Problem description: The material beneath this line should be printed exactly, with its pictures omitted.

Dataset extract:
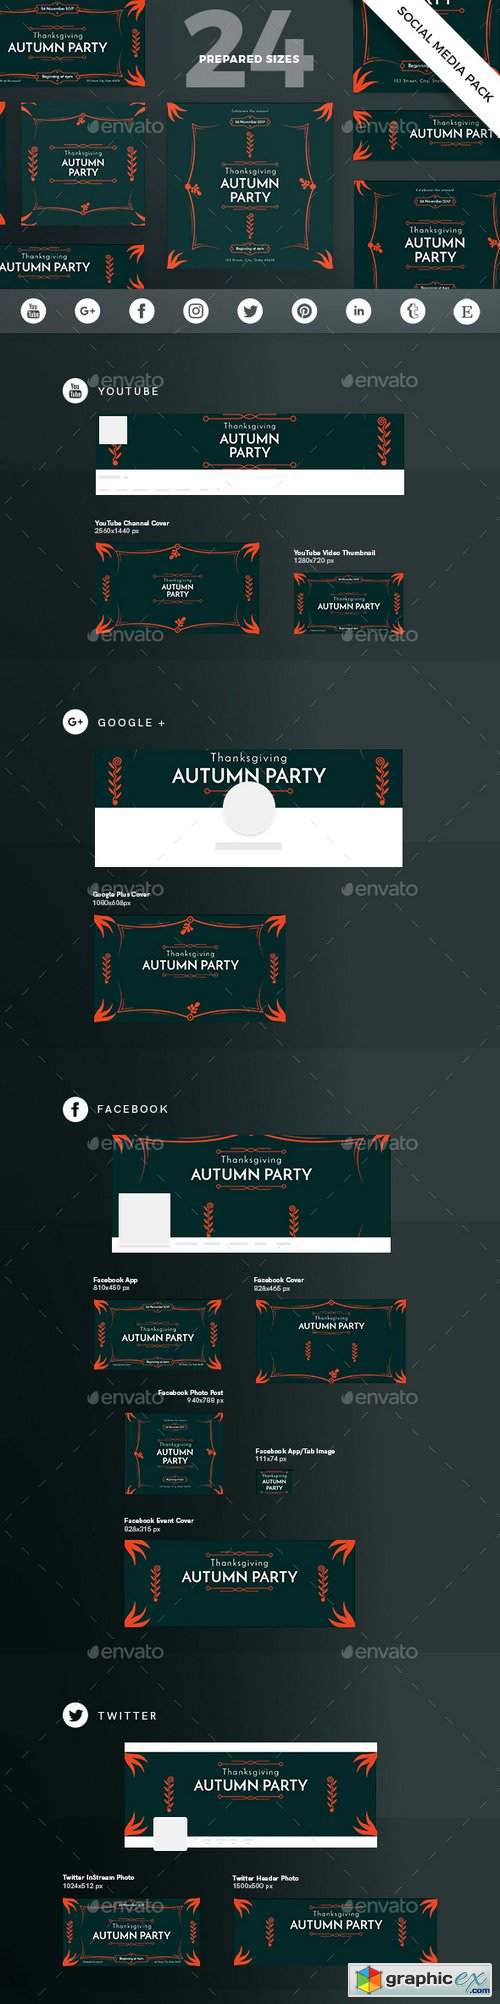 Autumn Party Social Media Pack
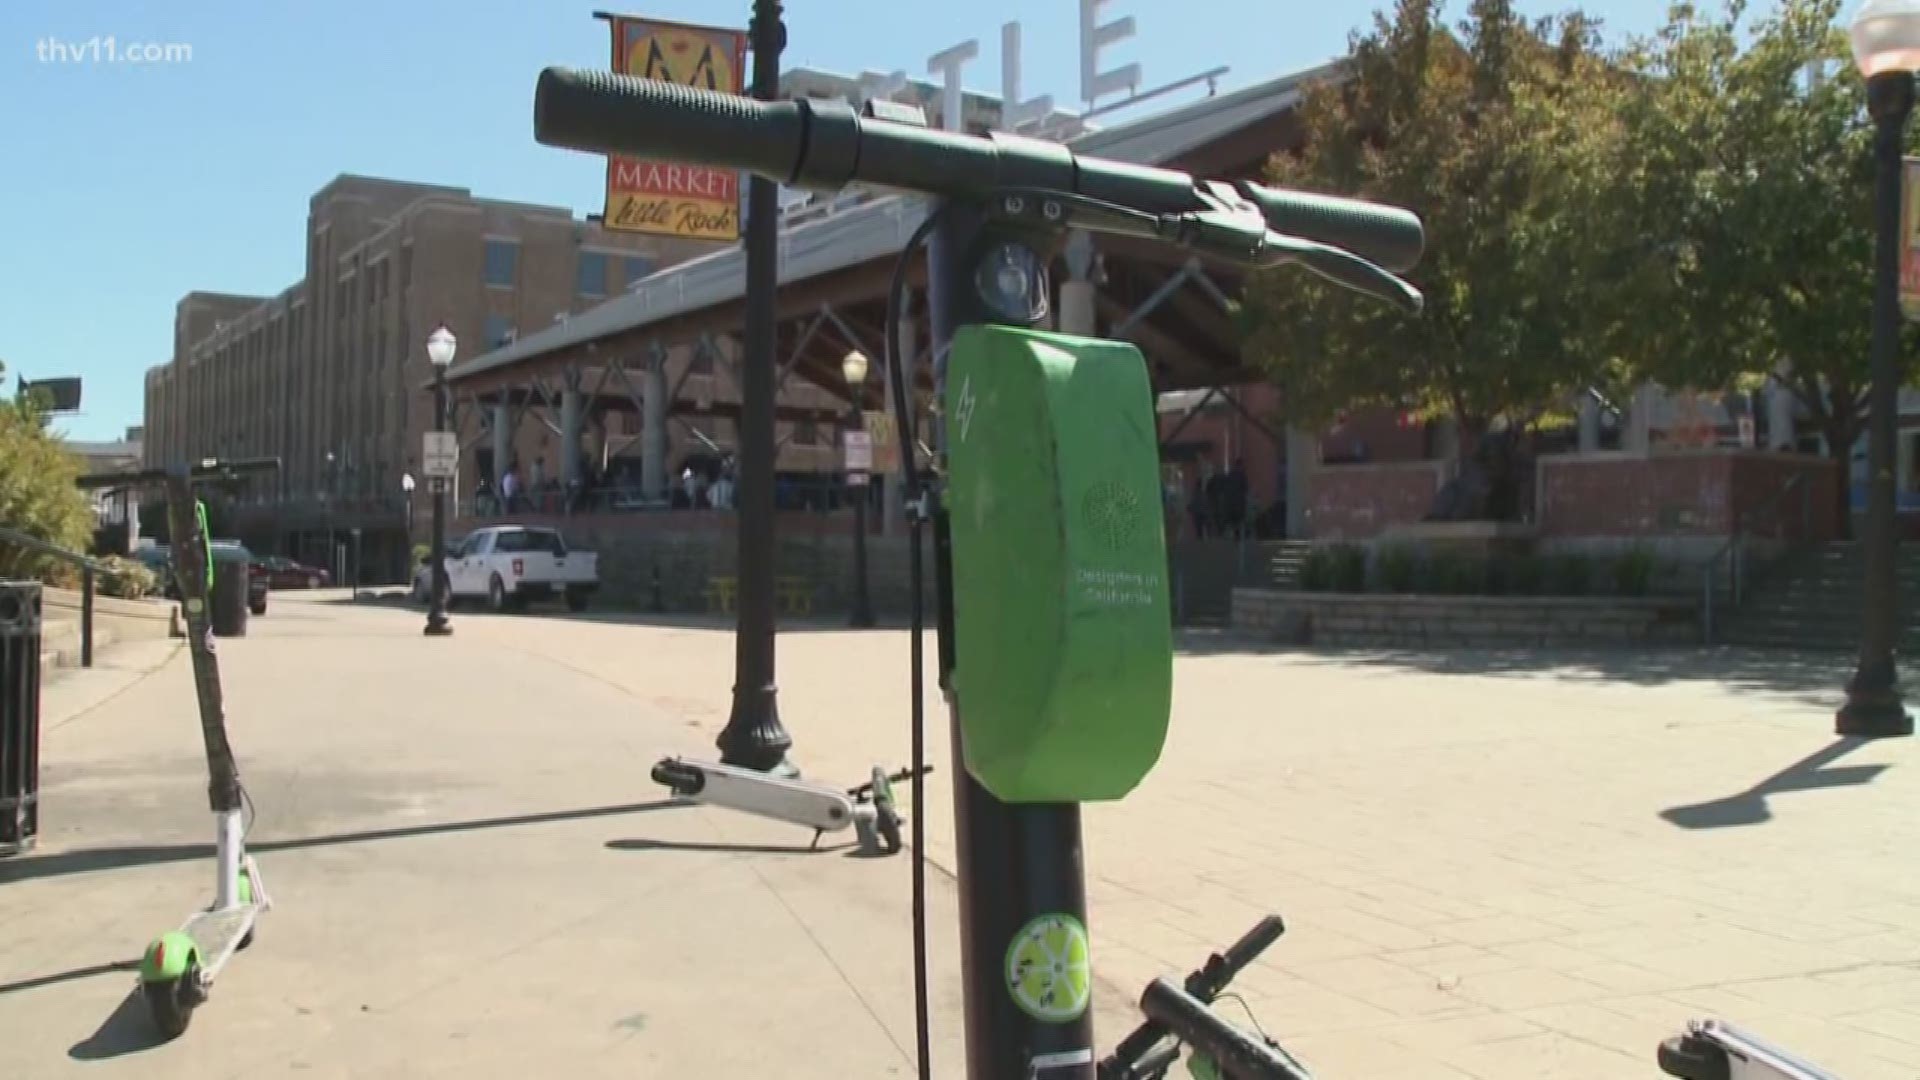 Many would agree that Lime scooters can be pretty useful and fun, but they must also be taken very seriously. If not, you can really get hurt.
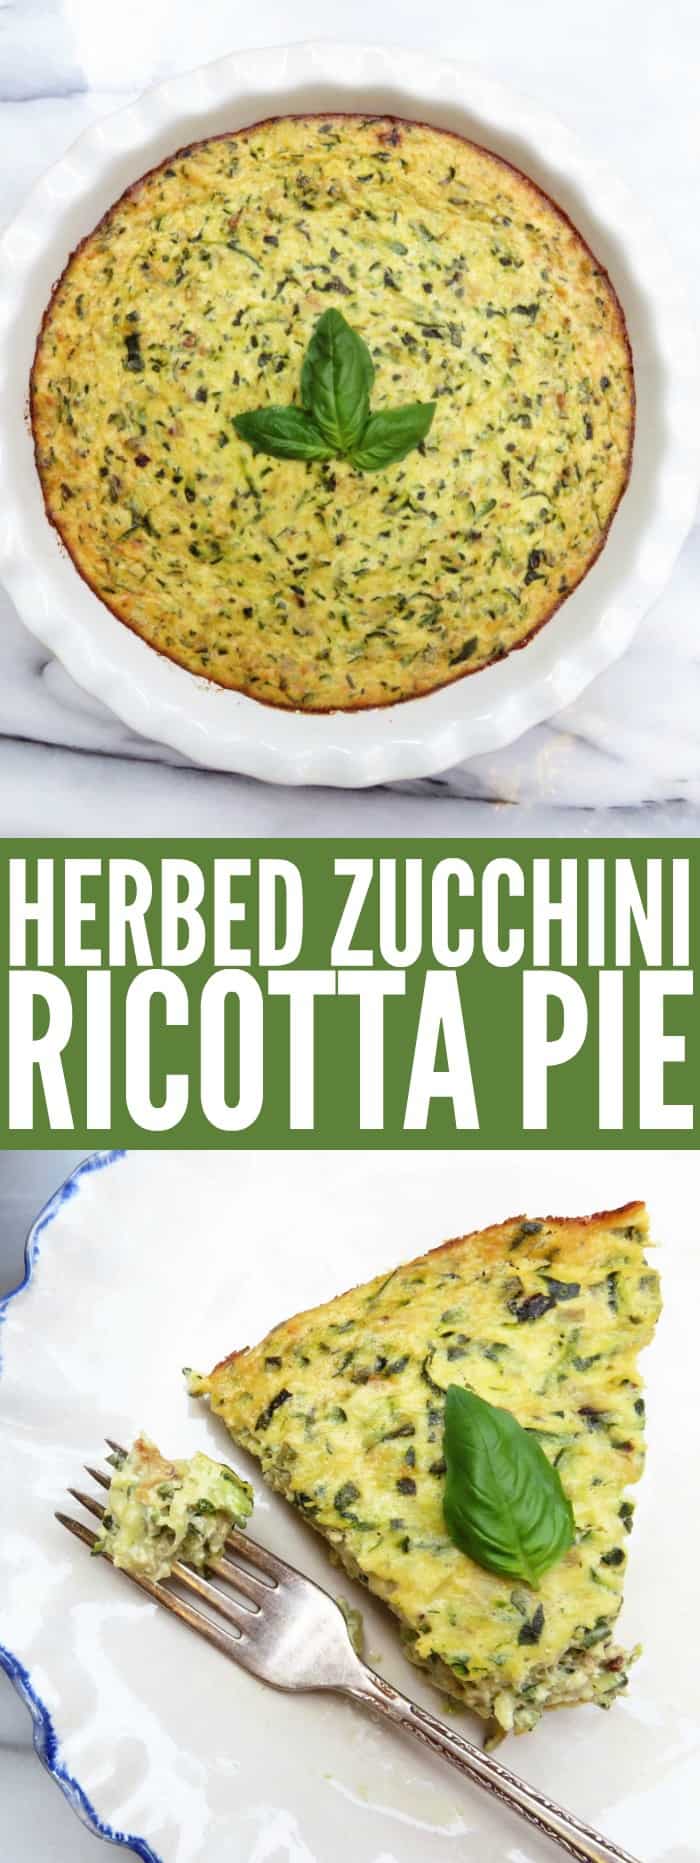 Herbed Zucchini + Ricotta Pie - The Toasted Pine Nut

Exercise result:
 Autumn Party Social Media Pack
 Many would agree that Lime scooters can be pretty useful and fun, but they must also be taken very seriously. If not, you can really get hurt.
 Herbed Zucchini + Ricotta Pie - The Toasted Pine Nut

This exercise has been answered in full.